Ci si presentano allora domande decisive. Perché va al Giordano per farsi battezzare come gli israeliti più radicali? Che cos’accade durante la sua permanenza accanto a Giovanni? Come si costituisce progressivamente il gruppo dei discepoli che cominciano a raccogliersi intorno a lui proprio al Giordano? Perché Gesù si separa bruscamente dal Battista e si ritira a Cafarnao, non nel suo villaggio natale? Perché così tante volte ordina ai guariti di non rivelare a nessuno il dono che hanno ricevuto e si scaglia violentemente contro Pietro che a Cesarea di Filippi osa attribuirgli il titolo di figlio del Dio vivente, cioè di Messia?
E quando, se è mai accaduto, Gesù ha accettato il ruolo di Messia, cioè di liberatore (anche armato?) che i discepoli più accesi (Pietro, Giacomo e Giovanni, quelli dell’episodio rivelatore della Trasfigurazione) gli chiedevano di assumere?
Infine, che cosa è successo davvero nella notte del Getsemani? Perché, una volta conclusa la cena, Gesù ordina ai suoi di procurarsi delle armi e loro gli rispondono di averle già con sé? È la notte del grande enigma storico del Getsemani, sul quale tento di fare un po’ di luce...
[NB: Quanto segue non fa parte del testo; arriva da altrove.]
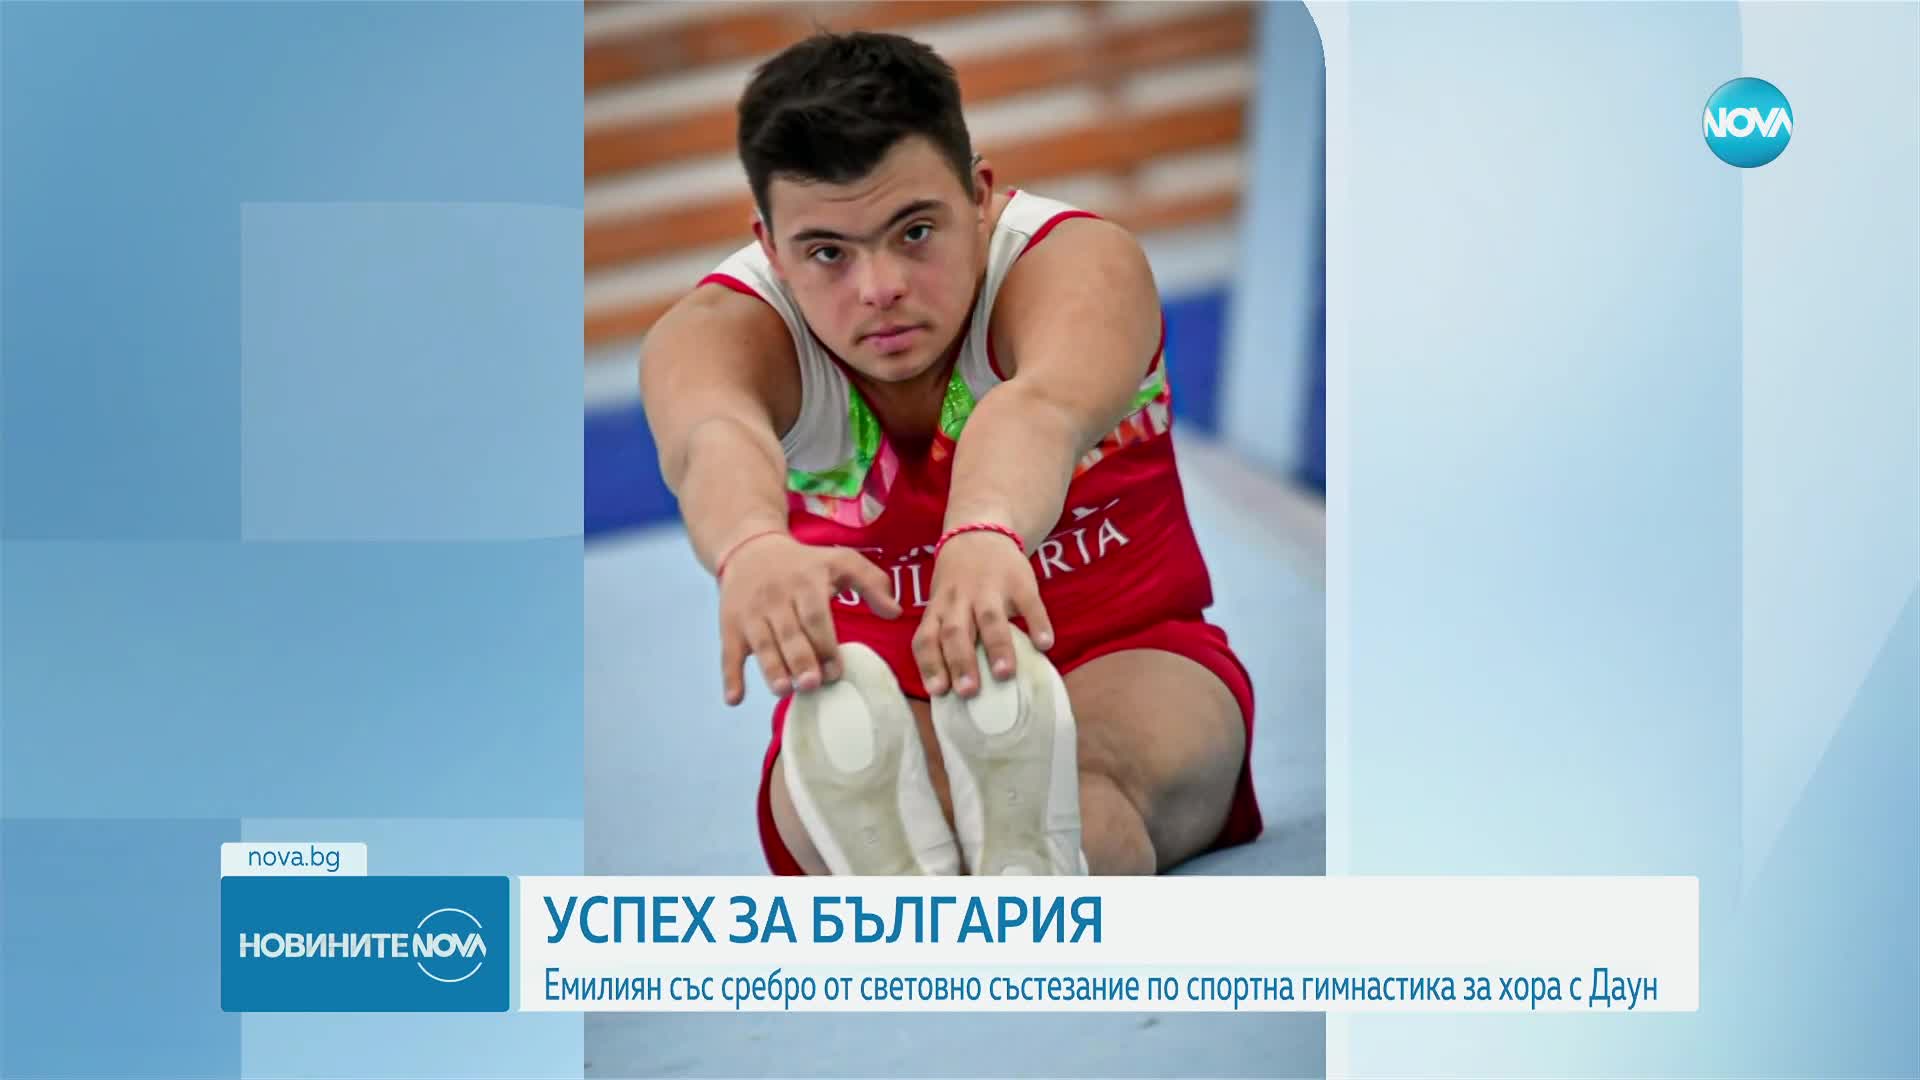 Майката на българина със Синдром на Даун, спечил сребро на турнир по спортна гимнастика: Това е геро
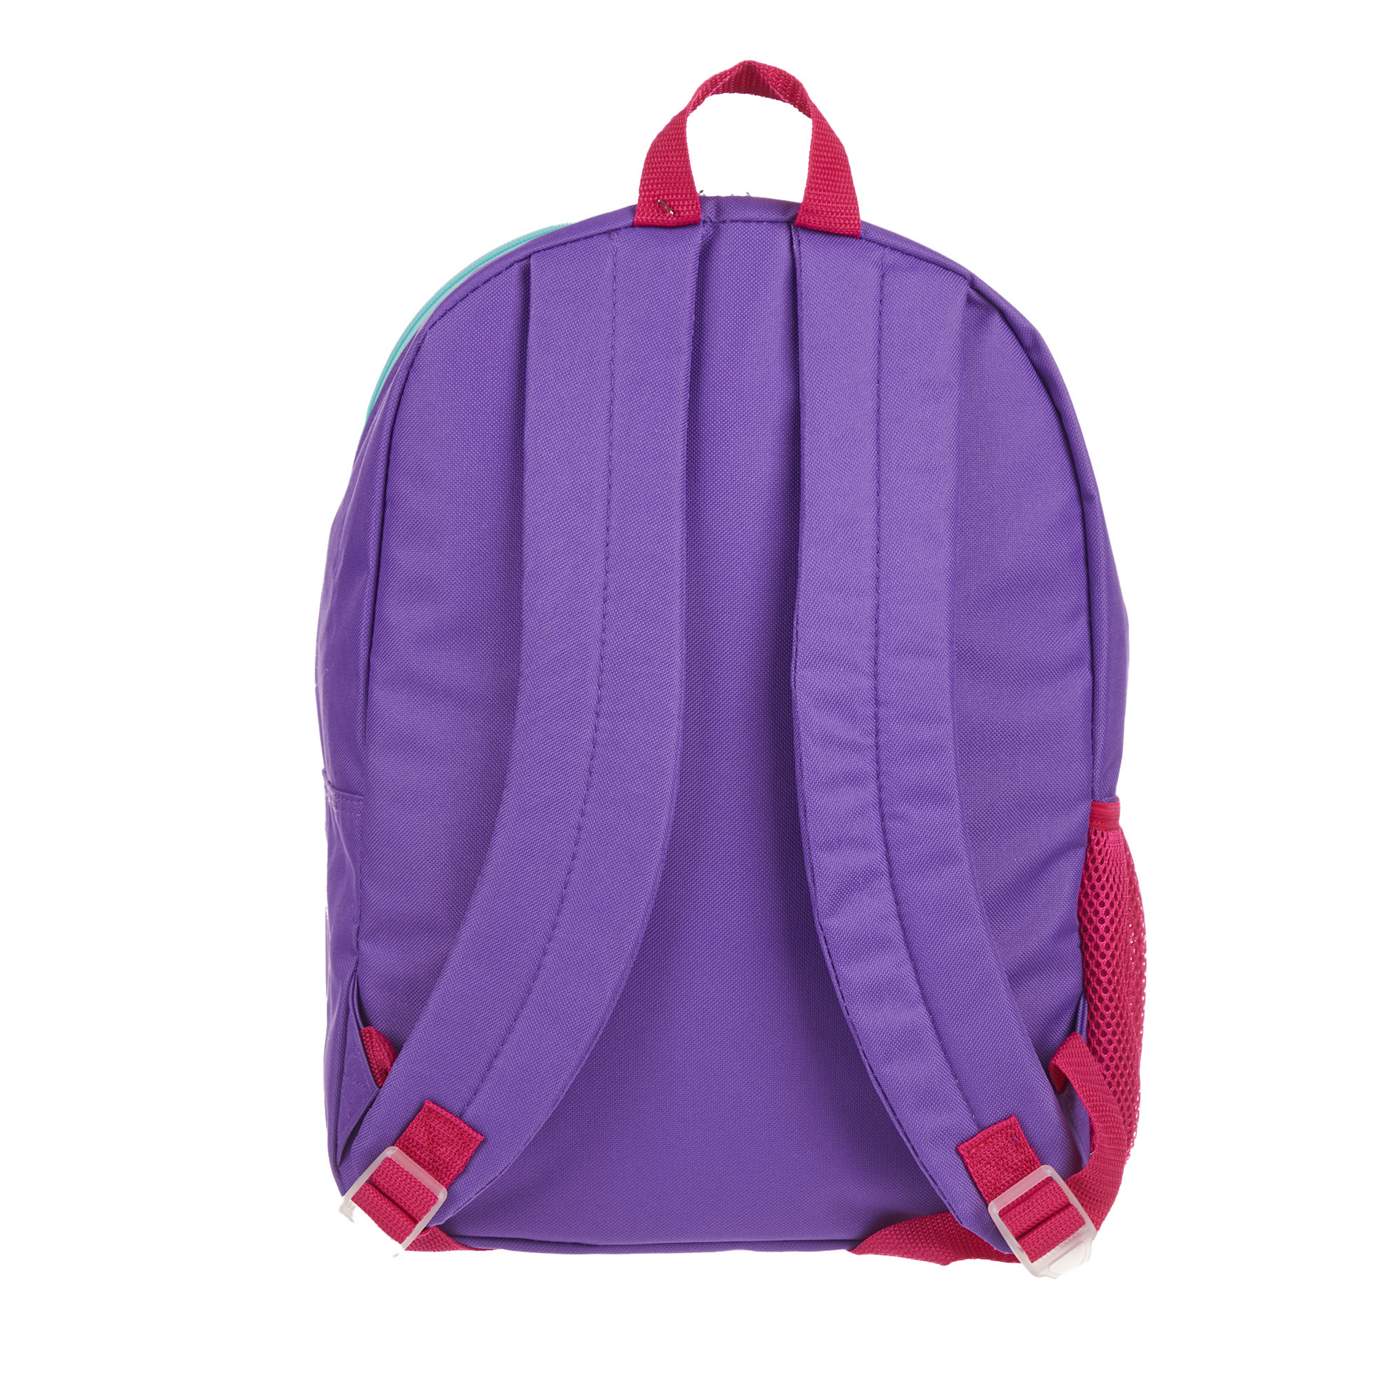 Disney Encanto Backpack & Lunch Bag Set; image 3 of 4

Fino all’urlo della croce, quando il vinto Gesù prende atto del fatto che il Padre non è venuto in suo soccorso. Perché è stato abbandonato? Nel riconsegnare la propria vita senza aver visto traccia della venuta del Regno Gesù, a mio avviso, porta a compimento la propria conversione.
Parli della parola “mancante” dei Vangeli. A cosa ti riferisci esattamente?
Proprio alla parola “cristiani” che, come spiegano gli Atti degli Apostoli, fu usato per la prima volta ad Antiochia nel 50 - e in senso derisorio - dagli avversari dei discepoli di Gesù Nazareth che si prendevano gioco di loro additandoli come gli ingenui creduloni che in lui avevano creduto di poter riconoscere il Messia. Letteralmente questa parola andrebbe tradotta con la perifrasi “gli ingenui creduloni che nel crocifisso hanno visto l’inviato di Jahvè”
A quale “conversione” oggi è chiamata la Chiesa?
Sono fermamente convinto che la conversione a cui è chiamata sia proprio quella di essere “sovversiva”, come il suo Maestro.